To write an audio CD, you need a particular kind of data: 44.1 kHz, 16 bit, stereo. If you have a wave file in that resolution, you can make an audio CD track out of it. What happens is that the burner software takes the information out of the wave container and puts it in a CD-audio container.
The important part of that statement is that the burner software takes the information out of the wave container and puts it in a CD-audio container.
Which means that it’s the exact same data. The CD burner software does not change the data, it does not convert the data, all it does is copy the data from one kind of container (Wave file) to another (CD audio file).
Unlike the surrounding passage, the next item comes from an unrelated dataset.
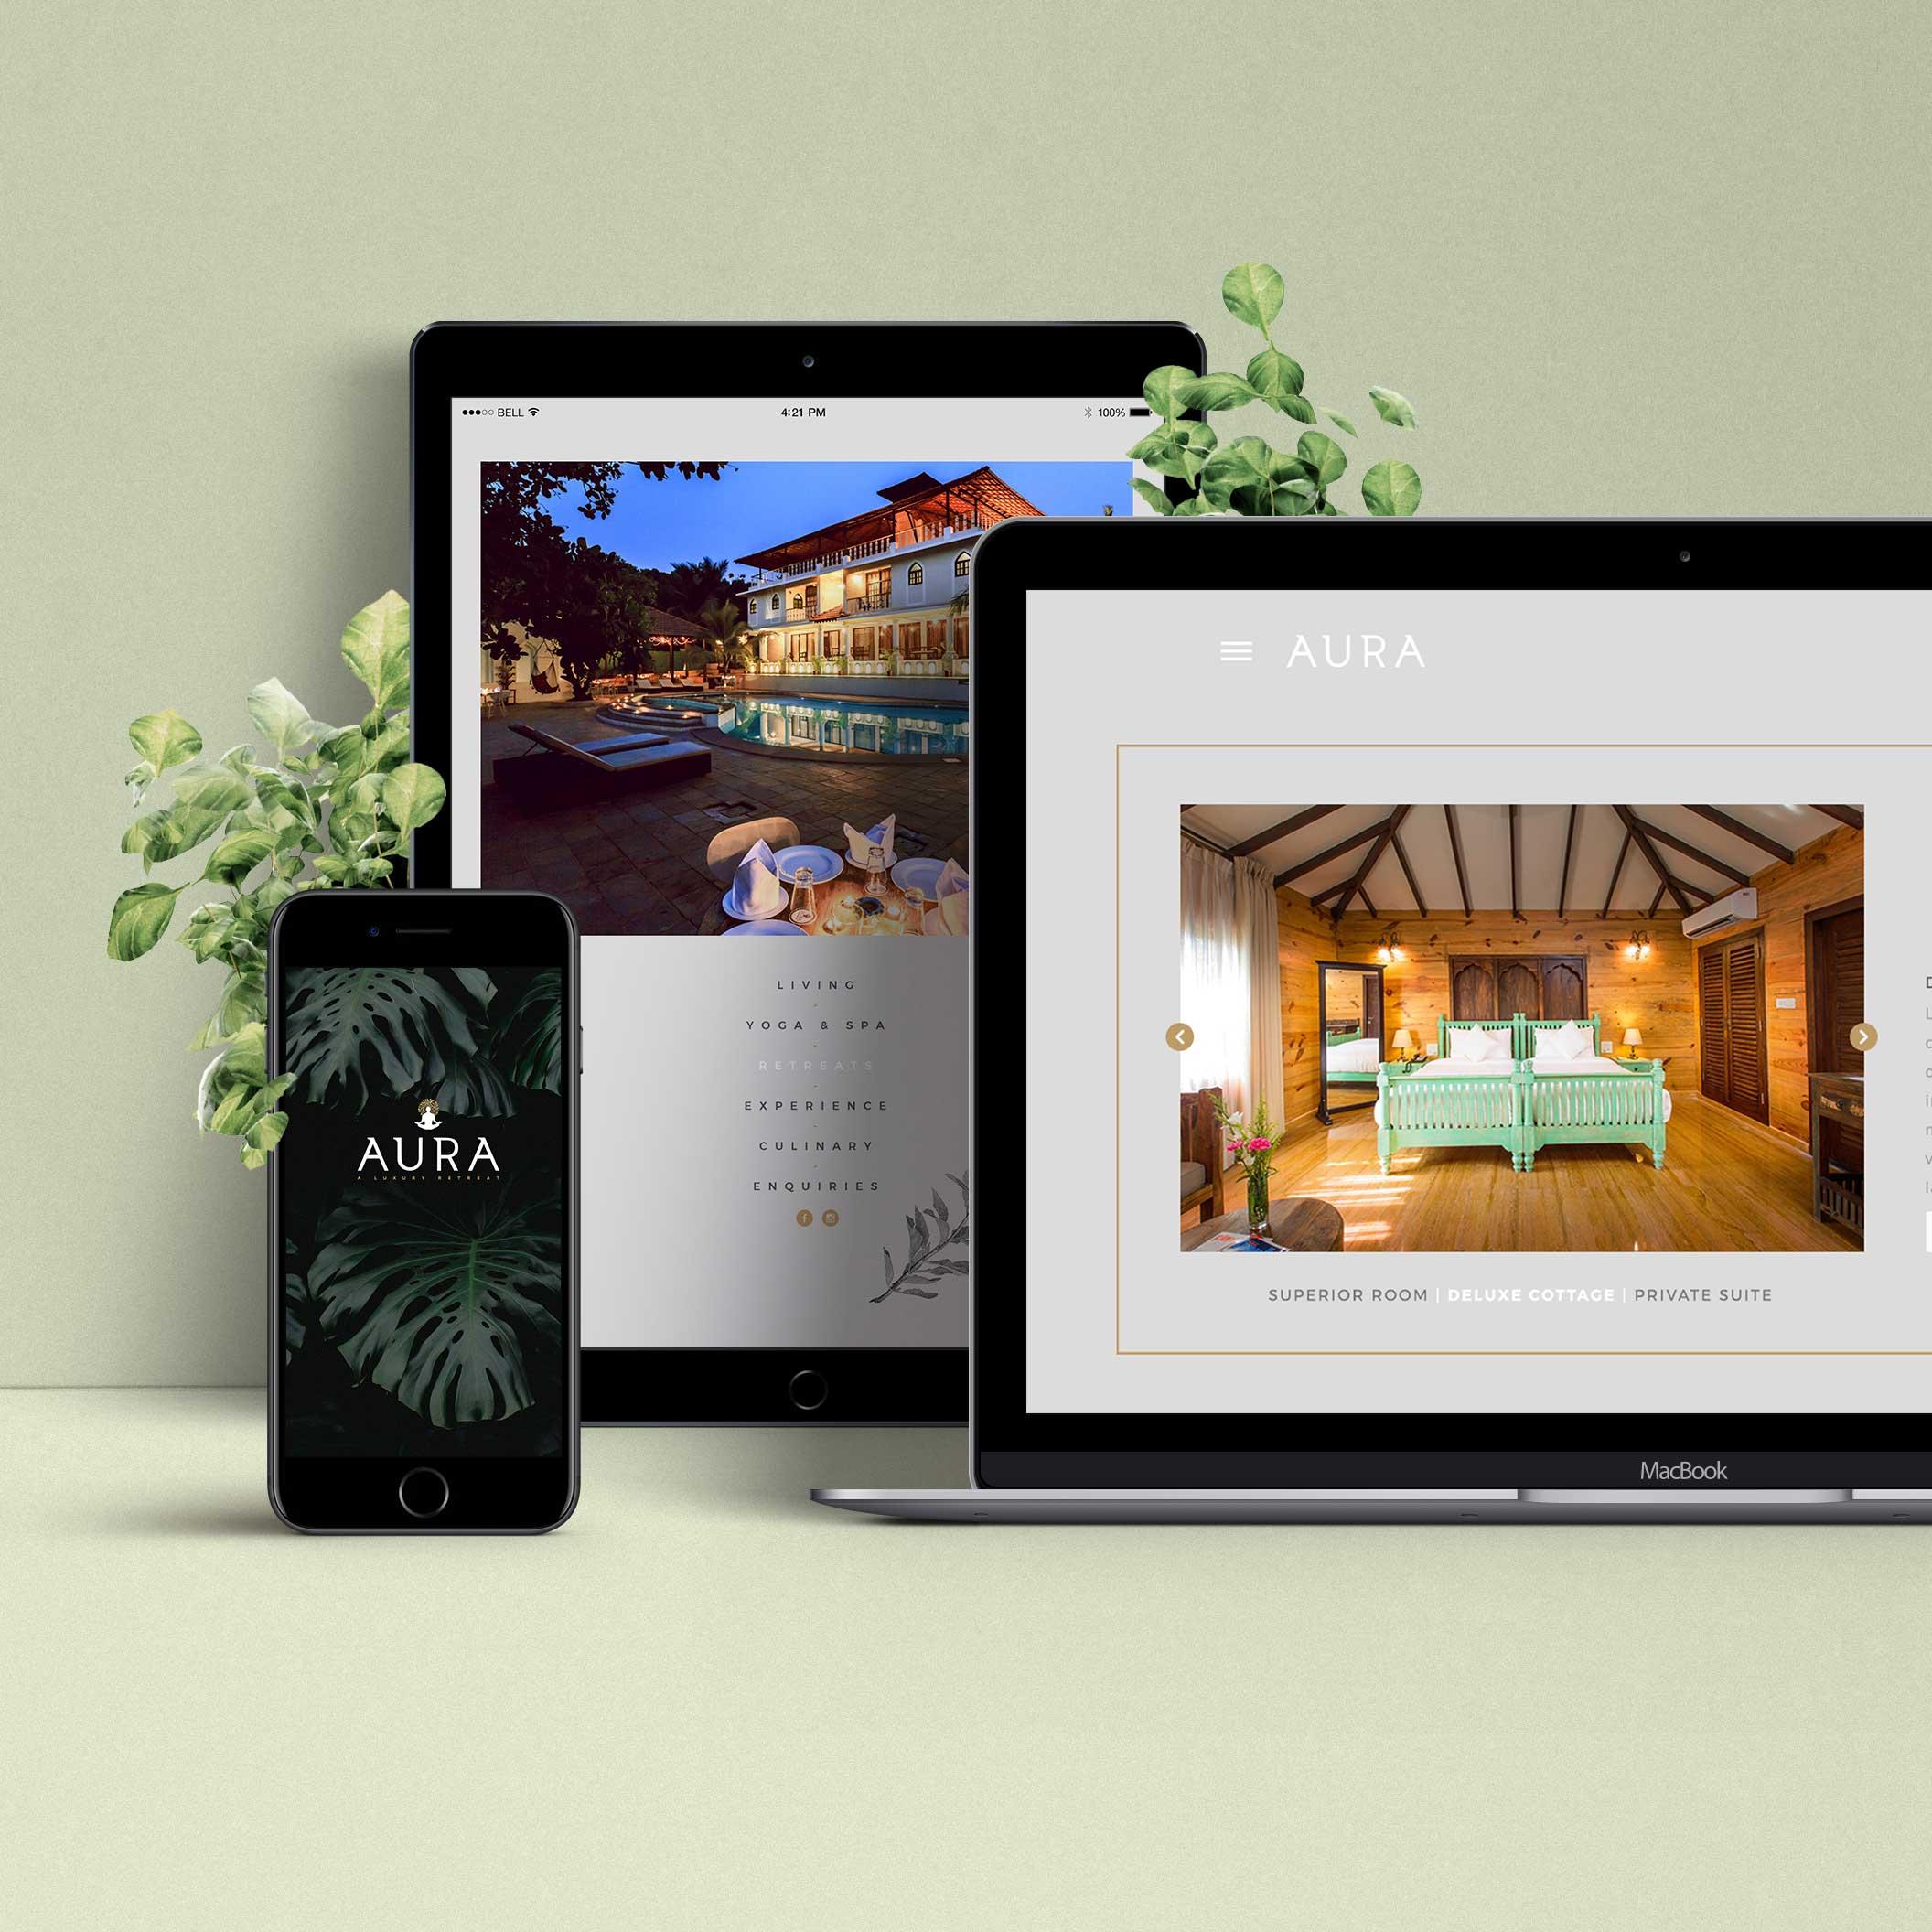 Aura---Web.jpg

(If your audio file is in some other format and/or resolution, some burner software will convert it into 44.1 kHz, 16 bit, stereo and then burn it to an audio CD. On a Windows computer, that means it will convert the file into a wave file at the correct resolution.)
That’s the reason why blank CDs will often say on the packaging “800mb data/80 minutes audio” or something similar. Because we know how much data a minute of audio at 44.1 kHz, 16 bit, stereo takes up. It takes up around 10mb, which is what I started out saying. Whether it’s a wave file, CD audio file, or some other format. The actual data is the same, whatever the container happens to be.
Ergo my statement that it is a “similarly large, uncompressed audio format” that is no longer a .wav file. And that a .wav file of the right bitrate may very well coincide with the “right amount” of time on an audio CD (or it may not, depending on the compression settings in the .wav) Thanks for dumbing it down, and clearing it up once again.
typically a CD-ROM can hold less data than an audio CD due to the additional error-correction code. Thus why it’s 80 min. of audio, but only 700 MB of data.